# Source records
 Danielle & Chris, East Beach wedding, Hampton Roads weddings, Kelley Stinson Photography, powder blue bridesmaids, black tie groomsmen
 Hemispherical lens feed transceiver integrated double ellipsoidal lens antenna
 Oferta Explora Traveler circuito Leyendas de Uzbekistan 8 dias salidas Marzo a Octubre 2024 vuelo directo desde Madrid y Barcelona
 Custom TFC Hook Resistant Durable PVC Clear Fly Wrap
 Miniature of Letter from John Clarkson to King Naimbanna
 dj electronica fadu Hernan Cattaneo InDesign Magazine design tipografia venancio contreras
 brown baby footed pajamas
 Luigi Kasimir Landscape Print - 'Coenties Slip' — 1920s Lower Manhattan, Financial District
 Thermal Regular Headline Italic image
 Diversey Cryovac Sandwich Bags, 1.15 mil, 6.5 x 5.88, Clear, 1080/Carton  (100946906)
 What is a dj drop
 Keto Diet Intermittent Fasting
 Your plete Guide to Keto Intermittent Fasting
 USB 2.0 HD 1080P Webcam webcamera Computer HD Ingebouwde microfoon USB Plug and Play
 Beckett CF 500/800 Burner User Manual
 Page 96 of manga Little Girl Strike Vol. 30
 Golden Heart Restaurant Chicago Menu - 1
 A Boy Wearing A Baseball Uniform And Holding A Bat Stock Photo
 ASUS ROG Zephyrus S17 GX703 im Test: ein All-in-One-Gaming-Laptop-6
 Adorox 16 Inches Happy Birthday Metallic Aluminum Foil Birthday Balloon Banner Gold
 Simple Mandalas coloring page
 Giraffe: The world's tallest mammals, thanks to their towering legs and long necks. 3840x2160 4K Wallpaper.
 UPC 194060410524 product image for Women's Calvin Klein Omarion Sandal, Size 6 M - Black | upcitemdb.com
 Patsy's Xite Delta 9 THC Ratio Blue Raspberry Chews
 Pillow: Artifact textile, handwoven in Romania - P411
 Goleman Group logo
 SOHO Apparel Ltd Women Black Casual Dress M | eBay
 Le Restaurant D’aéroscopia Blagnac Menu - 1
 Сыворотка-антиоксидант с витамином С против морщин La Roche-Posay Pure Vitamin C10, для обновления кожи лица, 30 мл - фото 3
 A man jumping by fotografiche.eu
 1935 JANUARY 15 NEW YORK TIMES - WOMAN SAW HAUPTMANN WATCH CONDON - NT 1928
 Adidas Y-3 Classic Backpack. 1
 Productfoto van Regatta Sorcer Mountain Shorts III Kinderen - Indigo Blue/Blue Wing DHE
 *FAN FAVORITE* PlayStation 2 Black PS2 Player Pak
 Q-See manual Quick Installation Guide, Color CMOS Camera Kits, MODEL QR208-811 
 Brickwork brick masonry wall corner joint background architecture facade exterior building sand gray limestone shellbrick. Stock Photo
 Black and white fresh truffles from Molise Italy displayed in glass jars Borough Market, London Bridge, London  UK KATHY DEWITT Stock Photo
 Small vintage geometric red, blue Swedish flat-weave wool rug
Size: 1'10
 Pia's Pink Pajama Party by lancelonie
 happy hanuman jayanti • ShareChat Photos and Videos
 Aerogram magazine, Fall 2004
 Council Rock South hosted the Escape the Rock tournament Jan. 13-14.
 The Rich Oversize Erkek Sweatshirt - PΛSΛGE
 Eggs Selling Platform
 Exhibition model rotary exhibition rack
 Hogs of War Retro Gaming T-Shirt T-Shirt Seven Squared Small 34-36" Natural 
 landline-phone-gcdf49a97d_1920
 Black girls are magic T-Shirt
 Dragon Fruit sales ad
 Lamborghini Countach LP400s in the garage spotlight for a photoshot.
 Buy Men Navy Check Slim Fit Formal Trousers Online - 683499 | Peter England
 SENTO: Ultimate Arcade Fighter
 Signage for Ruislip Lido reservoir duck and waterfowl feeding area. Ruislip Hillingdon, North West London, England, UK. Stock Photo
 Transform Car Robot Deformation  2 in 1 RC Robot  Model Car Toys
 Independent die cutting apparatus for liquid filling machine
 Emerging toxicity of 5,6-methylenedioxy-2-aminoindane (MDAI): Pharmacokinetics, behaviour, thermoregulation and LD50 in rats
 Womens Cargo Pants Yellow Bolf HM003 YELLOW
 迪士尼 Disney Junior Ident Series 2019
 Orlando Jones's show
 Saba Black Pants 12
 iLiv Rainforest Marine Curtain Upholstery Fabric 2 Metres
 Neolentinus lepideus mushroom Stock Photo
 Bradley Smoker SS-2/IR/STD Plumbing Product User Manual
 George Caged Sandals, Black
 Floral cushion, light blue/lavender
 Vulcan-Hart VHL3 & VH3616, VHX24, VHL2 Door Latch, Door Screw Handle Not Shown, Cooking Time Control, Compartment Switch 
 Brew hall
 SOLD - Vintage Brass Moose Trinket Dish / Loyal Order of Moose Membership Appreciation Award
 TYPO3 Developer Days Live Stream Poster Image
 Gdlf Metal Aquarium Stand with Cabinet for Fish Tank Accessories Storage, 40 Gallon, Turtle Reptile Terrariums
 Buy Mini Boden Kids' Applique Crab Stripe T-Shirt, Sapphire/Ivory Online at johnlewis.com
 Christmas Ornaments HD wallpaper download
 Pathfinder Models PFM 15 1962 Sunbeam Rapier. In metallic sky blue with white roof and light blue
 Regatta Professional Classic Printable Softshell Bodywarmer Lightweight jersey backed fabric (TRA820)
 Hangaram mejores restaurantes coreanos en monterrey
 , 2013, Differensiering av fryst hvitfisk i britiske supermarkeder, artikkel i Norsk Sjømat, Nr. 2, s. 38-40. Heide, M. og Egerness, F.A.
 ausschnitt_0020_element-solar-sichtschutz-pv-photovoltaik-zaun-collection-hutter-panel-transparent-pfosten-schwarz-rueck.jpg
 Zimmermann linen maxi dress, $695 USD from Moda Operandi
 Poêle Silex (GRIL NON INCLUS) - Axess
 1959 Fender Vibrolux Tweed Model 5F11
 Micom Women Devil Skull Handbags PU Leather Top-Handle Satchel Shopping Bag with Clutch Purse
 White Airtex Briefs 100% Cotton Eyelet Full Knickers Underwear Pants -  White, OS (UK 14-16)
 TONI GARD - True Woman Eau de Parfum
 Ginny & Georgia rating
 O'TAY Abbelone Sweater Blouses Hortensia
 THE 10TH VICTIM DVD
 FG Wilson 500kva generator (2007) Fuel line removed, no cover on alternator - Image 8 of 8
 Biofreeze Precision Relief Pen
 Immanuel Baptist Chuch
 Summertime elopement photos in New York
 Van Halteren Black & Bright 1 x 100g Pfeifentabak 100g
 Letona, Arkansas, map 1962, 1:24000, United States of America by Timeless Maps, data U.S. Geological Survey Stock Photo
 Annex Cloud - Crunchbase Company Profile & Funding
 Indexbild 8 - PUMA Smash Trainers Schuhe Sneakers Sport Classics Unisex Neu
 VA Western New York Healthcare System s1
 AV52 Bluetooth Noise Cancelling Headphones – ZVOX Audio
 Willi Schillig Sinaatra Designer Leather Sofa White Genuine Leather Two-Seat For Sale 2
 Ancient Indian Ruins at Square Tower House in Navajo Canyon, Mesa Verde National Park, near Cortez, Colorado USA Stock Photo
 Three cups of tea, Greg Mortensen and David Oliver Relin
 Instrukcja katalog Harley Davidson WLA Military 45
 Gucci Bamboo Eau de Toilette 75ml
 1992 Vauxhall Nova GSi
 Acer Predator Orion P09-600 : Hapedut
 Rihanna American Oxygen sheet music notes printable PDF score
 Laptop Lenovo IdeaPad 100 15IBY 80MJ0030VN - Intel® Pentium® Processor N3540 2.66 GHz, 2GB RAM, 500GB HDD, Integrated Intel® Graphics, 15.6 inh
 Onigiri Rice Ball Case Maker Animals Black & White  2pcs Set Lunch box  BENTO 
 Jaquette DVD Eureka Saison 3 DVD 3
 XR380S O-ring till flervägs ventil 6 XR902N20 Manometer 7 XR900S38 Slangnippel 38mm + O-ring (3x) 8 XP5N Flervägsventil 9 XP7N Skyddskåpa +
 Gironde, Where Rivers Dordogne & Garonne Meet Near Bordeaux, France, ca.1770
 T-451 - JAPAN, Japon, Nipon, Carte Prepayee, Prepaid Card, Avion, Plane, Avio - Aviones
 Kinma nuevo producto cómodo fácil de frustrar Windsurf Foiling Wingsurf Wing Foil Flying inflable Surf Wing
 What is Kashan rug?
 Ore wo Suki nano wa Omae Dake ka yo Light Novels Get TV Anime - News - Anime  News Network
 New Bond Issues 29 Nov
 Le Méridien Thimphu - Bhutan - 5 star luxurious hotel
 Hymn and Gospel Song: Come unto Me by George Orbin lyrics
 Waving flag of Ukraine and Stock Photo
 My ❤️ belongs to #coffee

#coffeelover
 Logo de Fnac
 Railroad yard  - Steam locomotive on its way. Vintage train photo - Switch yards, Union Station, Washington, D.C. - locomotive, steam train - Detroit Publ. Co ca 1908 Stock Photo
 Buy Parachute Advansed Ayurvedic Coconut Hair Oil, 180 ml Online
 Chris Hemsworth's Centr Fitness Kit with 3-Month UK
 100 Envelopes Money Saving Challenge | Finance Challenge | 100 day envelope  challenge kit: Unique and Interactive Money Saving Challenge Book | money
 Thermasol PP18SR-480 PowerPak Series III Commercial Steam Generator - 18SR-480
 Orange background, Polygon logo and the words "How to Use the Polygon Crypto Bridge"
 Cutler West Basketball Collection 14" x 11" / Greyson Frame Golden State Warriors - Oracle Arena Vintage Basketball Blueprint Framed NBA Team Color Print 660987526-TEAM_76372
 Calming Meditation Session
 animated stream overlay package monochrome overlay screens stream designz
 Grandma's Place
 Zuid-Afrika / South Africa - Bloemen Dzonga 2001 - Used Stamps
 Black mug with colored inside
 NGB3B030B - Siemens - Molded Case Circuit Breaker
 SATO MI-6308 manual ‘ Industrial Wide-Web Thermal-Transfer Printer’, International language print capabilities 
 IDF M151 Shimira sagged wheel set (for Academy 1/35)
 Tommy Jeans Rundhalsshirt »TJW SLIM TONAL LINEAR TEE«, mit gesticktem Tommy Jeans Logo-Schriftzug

# What this task involves
Begin at the first line of the material above. Transcribe each line exactly, ending with the line that contains "1935 JANUARY 15".

# The completed task
 Danielle & Chris, East Beach wedding, Hampton Roads weddings, Kelley Stinson Photography, powder blue bridesmaids, black tie groomsmen
 Hemispherical lens feed transceiver integrated double ellipsoidal lens antenna
 Oferta Explora Traveler circuito Leyendas de Uzbekistan 8 dias salidas Marzo a Octubre 2024 vuelo directo desde Madrid y Barcelona
 Custom TFC Hook Resistant Durable PVC Clear Fly Wrap
 Miniature of Letter from John Clarkson to King Naimbanna
 dj electronica fadu Hernan Cattaneo InDesign Magazine design tipografia venancio contreras
 brown baby footed pajamas
 Luigi Kasimir Landscape Print - 'Coenties Slip' — 1920s Lower Manhattan, Financial District
 Thermal Regular Headline Italic image
 Diversey Cryovac Sandwich Bags, 1.15 mil, 6.5 x 5.88, Clear, 1080/Carton  (100946906)
 What is a dj drop
 Keto Diet Intermittent Fasting
 Your plete Guide to Keto Intermittent Fasting
 USB 2.0 HD 1080P Webcam webcamera Computer HD Ingebouwde microfoon USB Plug and Play
 Beckett CF 500/800 Burner User Manual
 Page 96 of manga Little Girl Strike Vol. 30
 Golden Heart Restaurant Chicago Menu - 1
 A Boy Wearing A Baseball Uniform And Holding A Bat Stock Photo
 ASUS ROG Zephyrus S17 GX703 im Test: ein All-in-One-Gaming-Laptop-6
 Adorox 16 Inches Happy Birthday Metallic Aluminum Foil Birthday Balloon Banner Gold
 Simple Mandalas coloring page
 Giraffe: The world's tallest mammals, thanks to their towering legs and long necks. 3840x2160 4K Wallpaper.
 UPC 194060410524 product image for Women's Calvin Klein Omarion Sandal, Size 6 M - Black | upcitemdb.com
 Patsy's Xite Delta 9 THC Ratio Blue Raspberry Chews
 Pillow: Artifact textile, handwoven in Romania - P411
 Goleman Group logo
 SOHO Apparel Ltd Women Black Casual Dress M | eBay
 Le Restaurant D’aéroscopia Blagnac Menu - 1
 Сыворотка-антиоксидант с витамином С против морщин La Roche-Posay Pure Vitamin C10, для обновления кожи лица, 30 мл - фото 3
 A man jumping by fotografiche.eu
 1935 JANUARY 15 NEW YORK TIMES - WOMAN SAW HAUPTMANN WATCH CONDON - NT 1928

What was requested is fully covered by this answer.